--- EXERCISE AIM ---
Everything in the records below from the line containing "pallets wooden bar idea" through the line containing "Stella McCartney x Adidas leggings" is to be reproduced exactly, those two lines included; no picture is to be copied.

--- RECORDS TO PROCESS ---

——————————

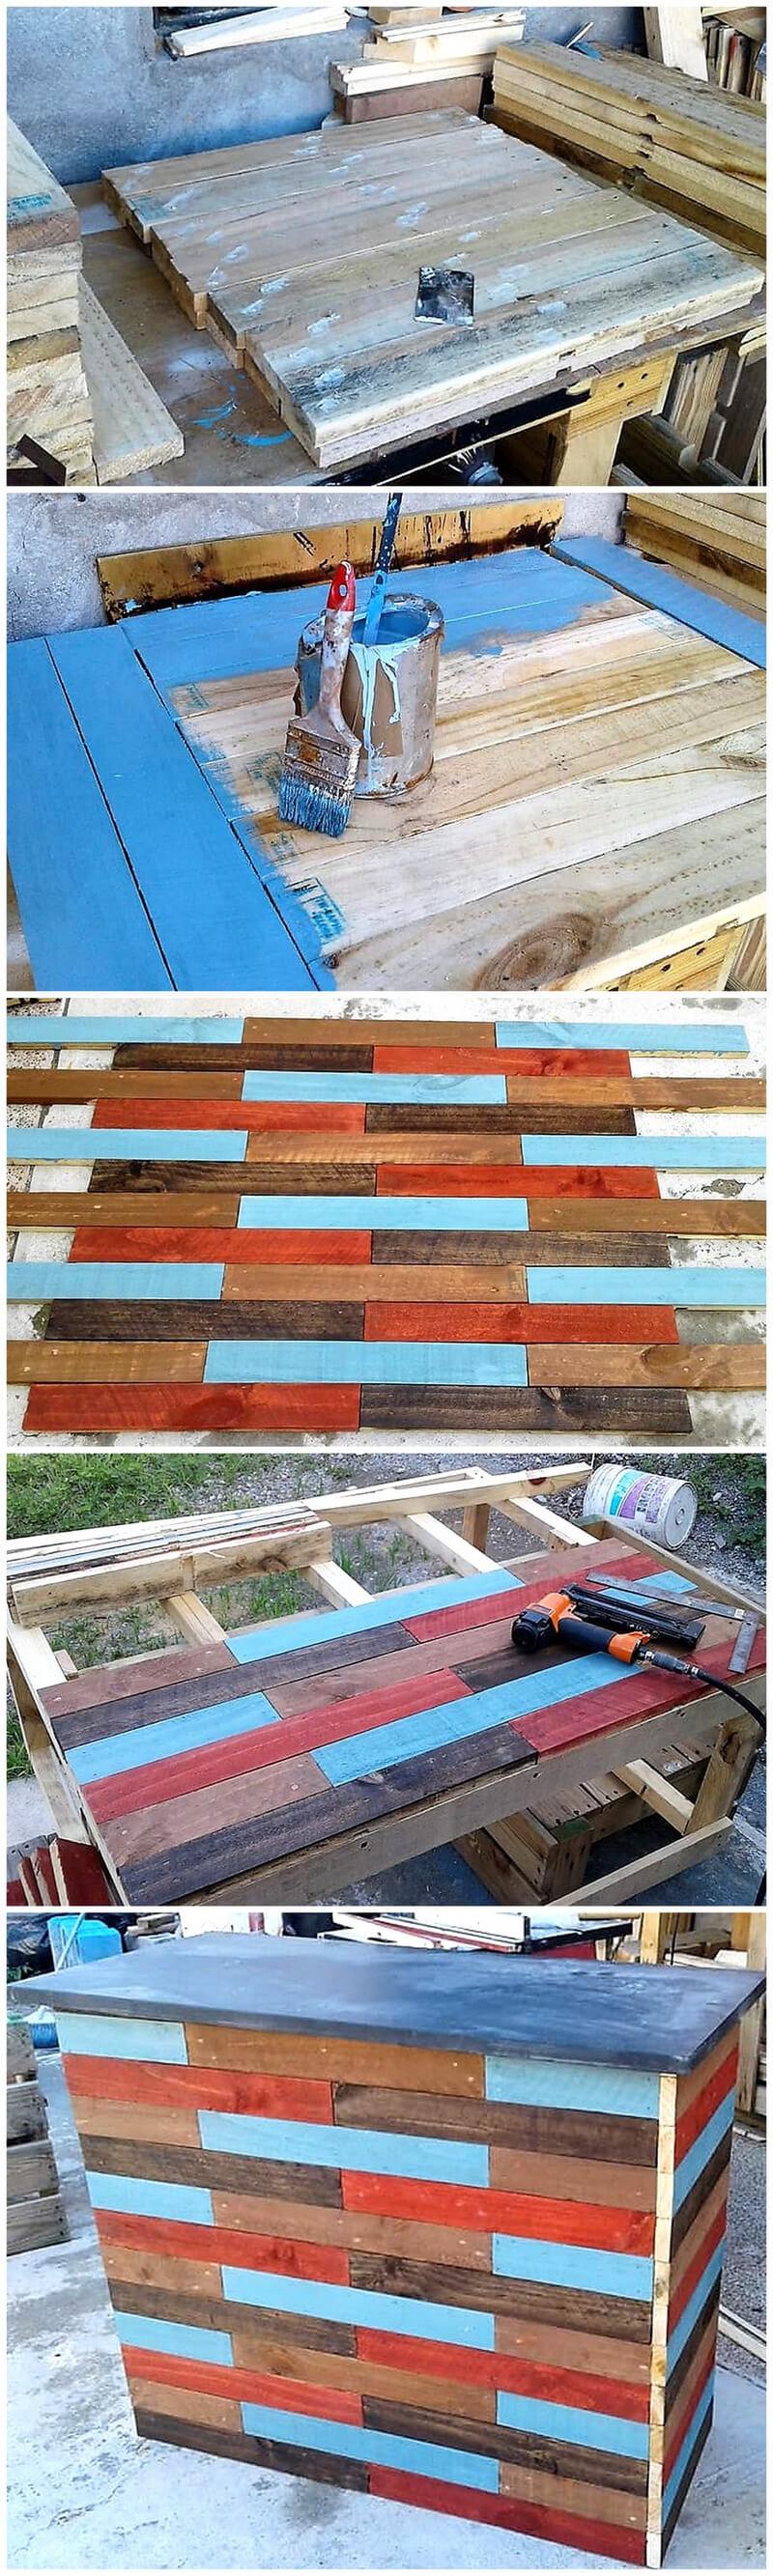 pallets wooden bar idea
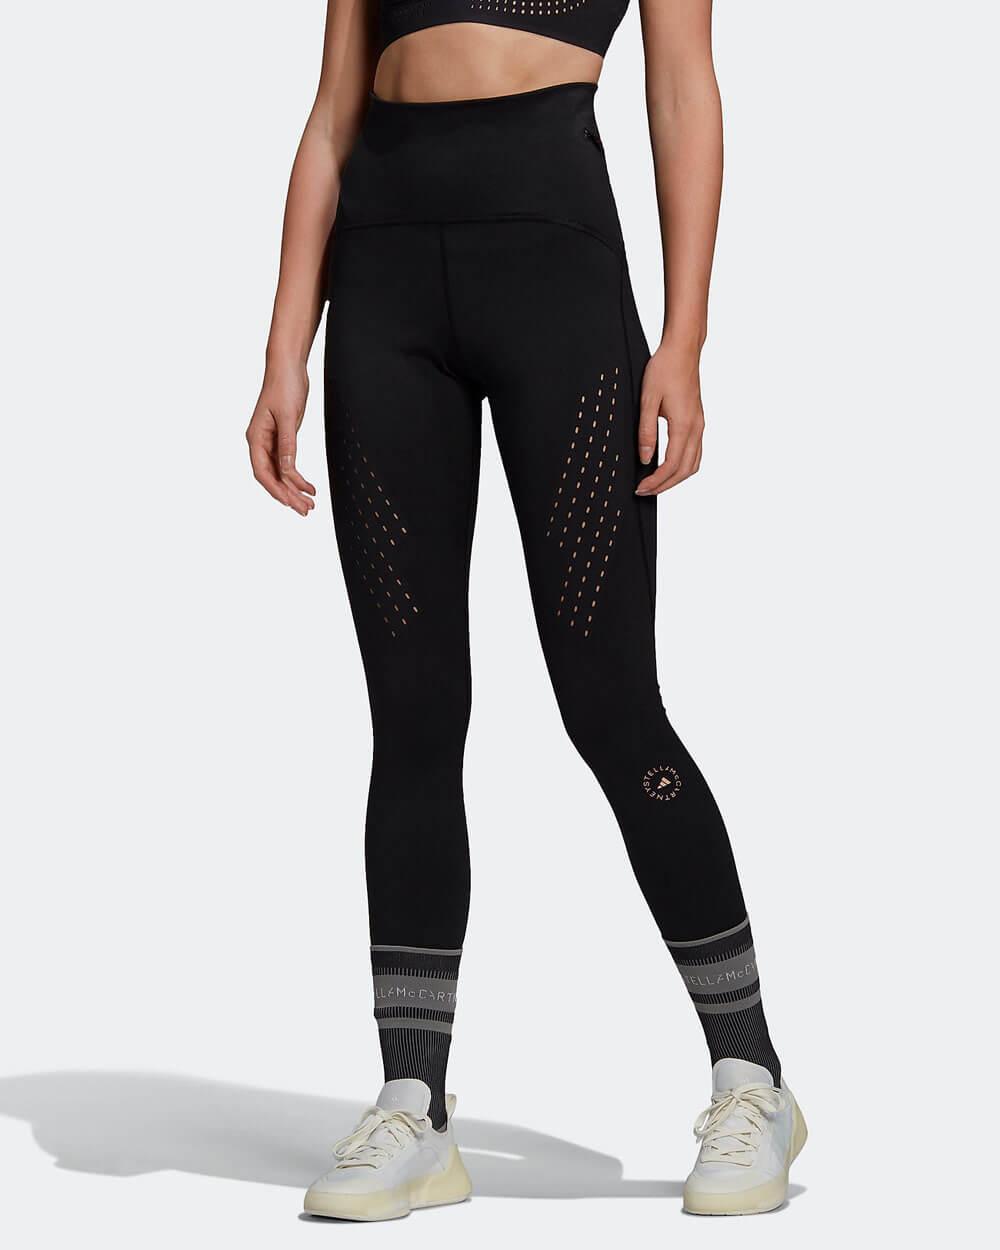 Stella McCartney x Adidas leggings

——————————

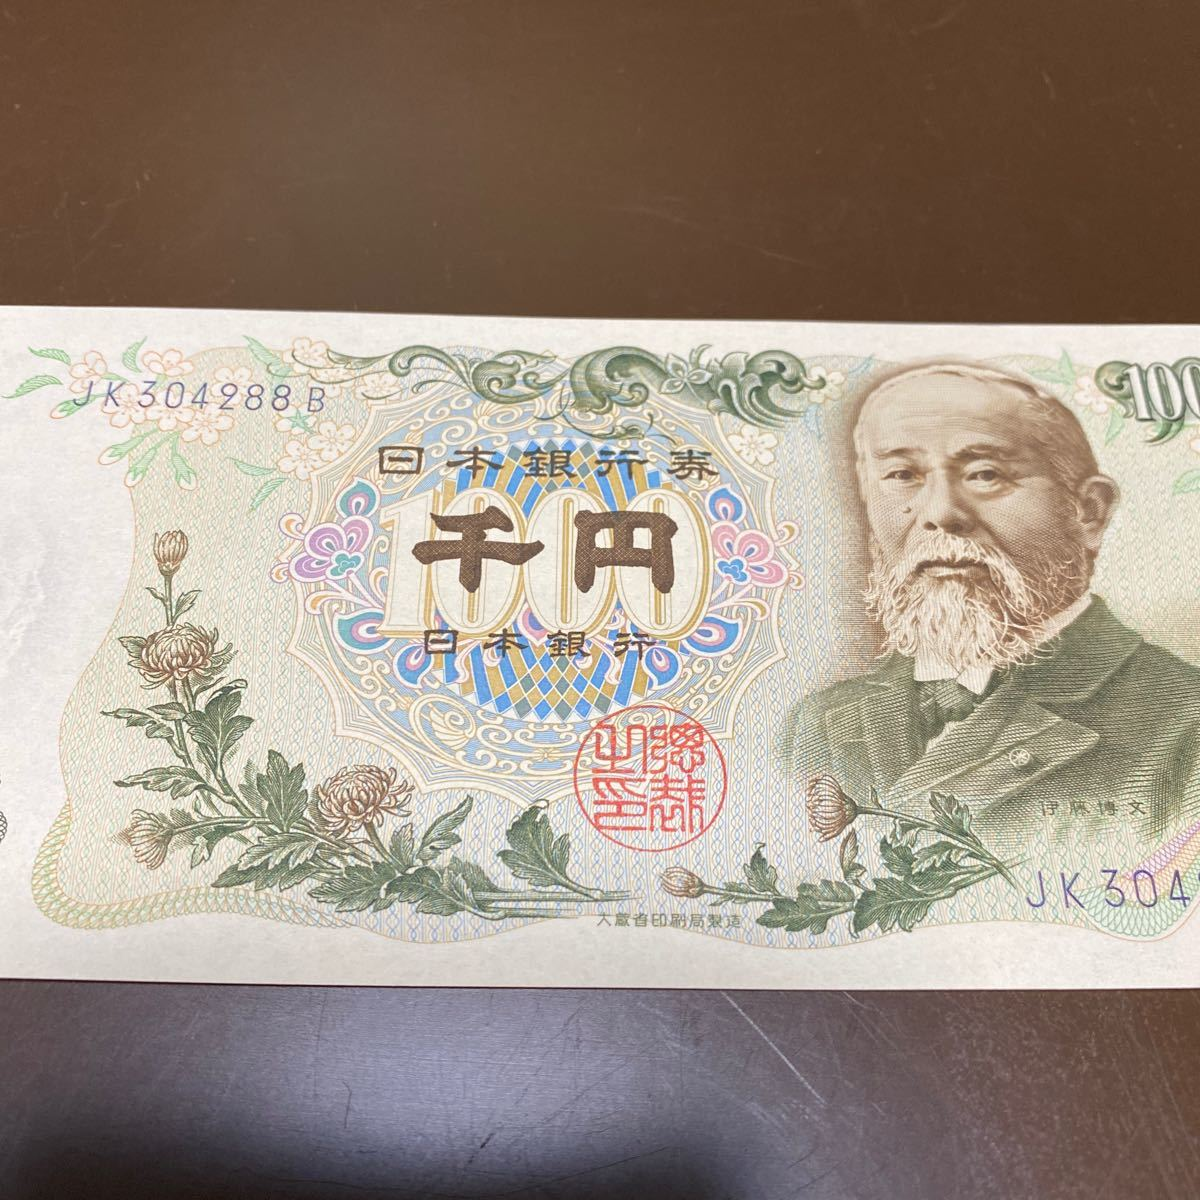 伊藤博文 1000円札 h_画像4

——————————

--- THE ANSWER ---
 pallets wooden bar idea
 Stella McCartney x Adidas leggings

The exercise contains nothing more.